Centralized key management.
All API's are protected with OAUTH 2.0.
Key privacy features:
Minimal data with selective disclosure on a need-to-know basis.
Sensitive data protected (not stored or logged in clear form).
Consent support – the user decides who can receive what credentials & what attributes.
No search on the database (You can find a record only if you know the ID).
Clear segregation of Biometric & Demographic data.
De-centralised ID usage and data (cannot profile based on usage).
Users are not limited to one permenant ID - Virtual ID.
All relying party gets a privacy enabled tokens to prevent profiling across transactions. Permenant ID is never shared.
Supports Wallet based decentralized ID issuance and usage.

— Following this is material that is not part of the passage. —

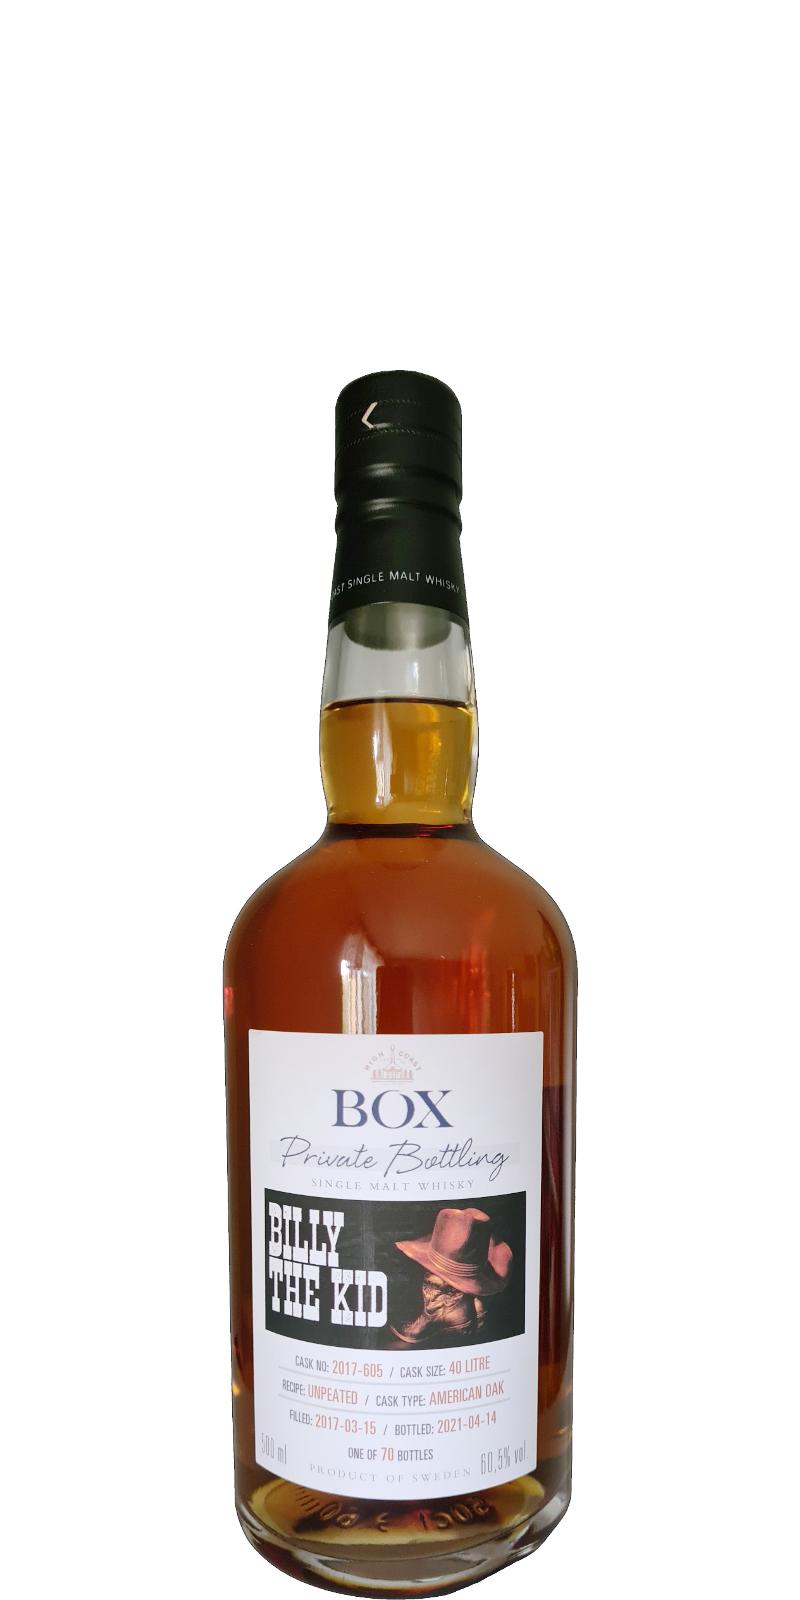 Box 2017 Billy The Kid Private Bottling Unpeated American Oak 2017-605 60.5% 500ml
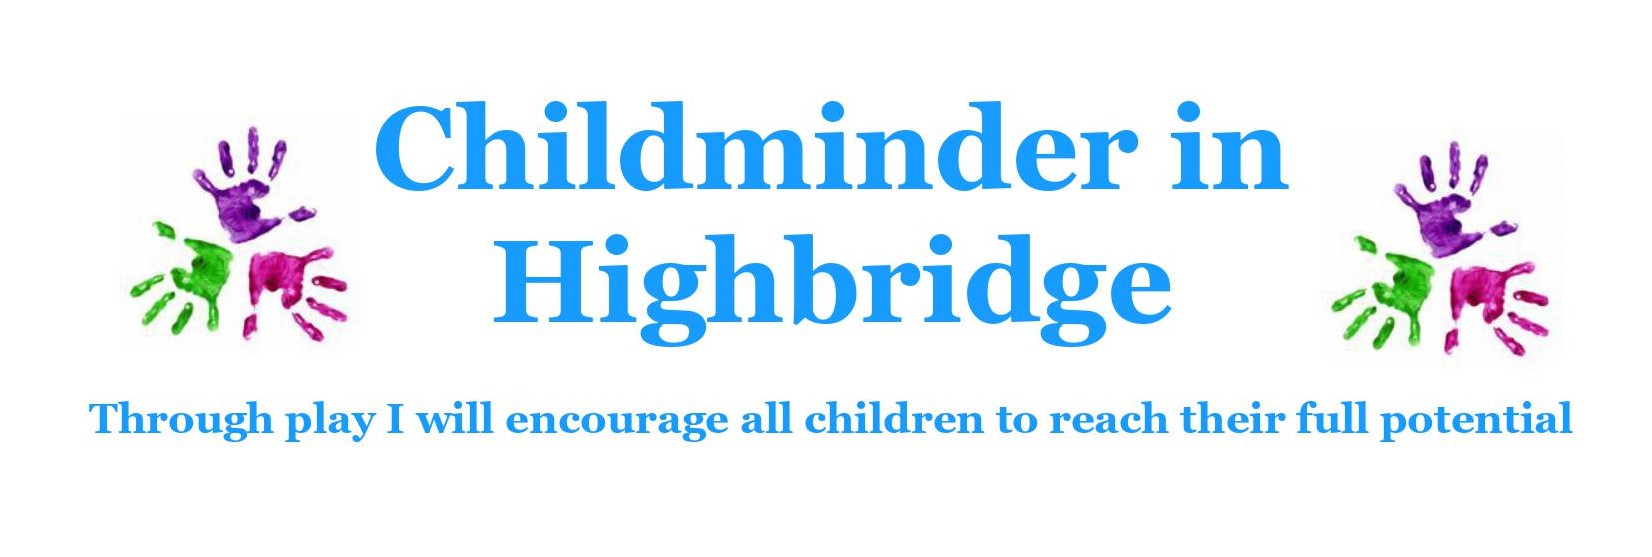 Childminder in Highbridge

Face data is not sent to ABIS for deduplication.
The right to privacy is a fundamental right in many contexts. Privacy protection or preservation can be ensured in an application by adopting a privacy friendly design stance.
Privacy takes many forms. From an identity system perspective, the confidentiality of identity information and anonymity when using the identity offers privacy.
MOSIP views the identity system as a custodian of the individual's data. This data has to be protected in order to protect the individual from privacy and security risks. Privacy protection measures include data protection, transparency, user control, confidentiality, selective disclosure, user anonymity and intrusion protection.
MOSIP addresses privacy design at four levels.
Functional privacy
Selective disclosure
Anonymization
Need to know
Encryption
Tokenization
Security
Trusted applications
Access control
User centricity
User control
Consent
Usability
Inclusion
Transparency
Openness
Verifiability
Governance
These design principles have resulted in features as well as development practices in MOSIP that enhance privacy protection. A typical example for a practice is how PII (Personally Identifiable Information) is dealt with when creating application or audit logs. An example of a feature is how our Datashare policies allow selective sharing of information.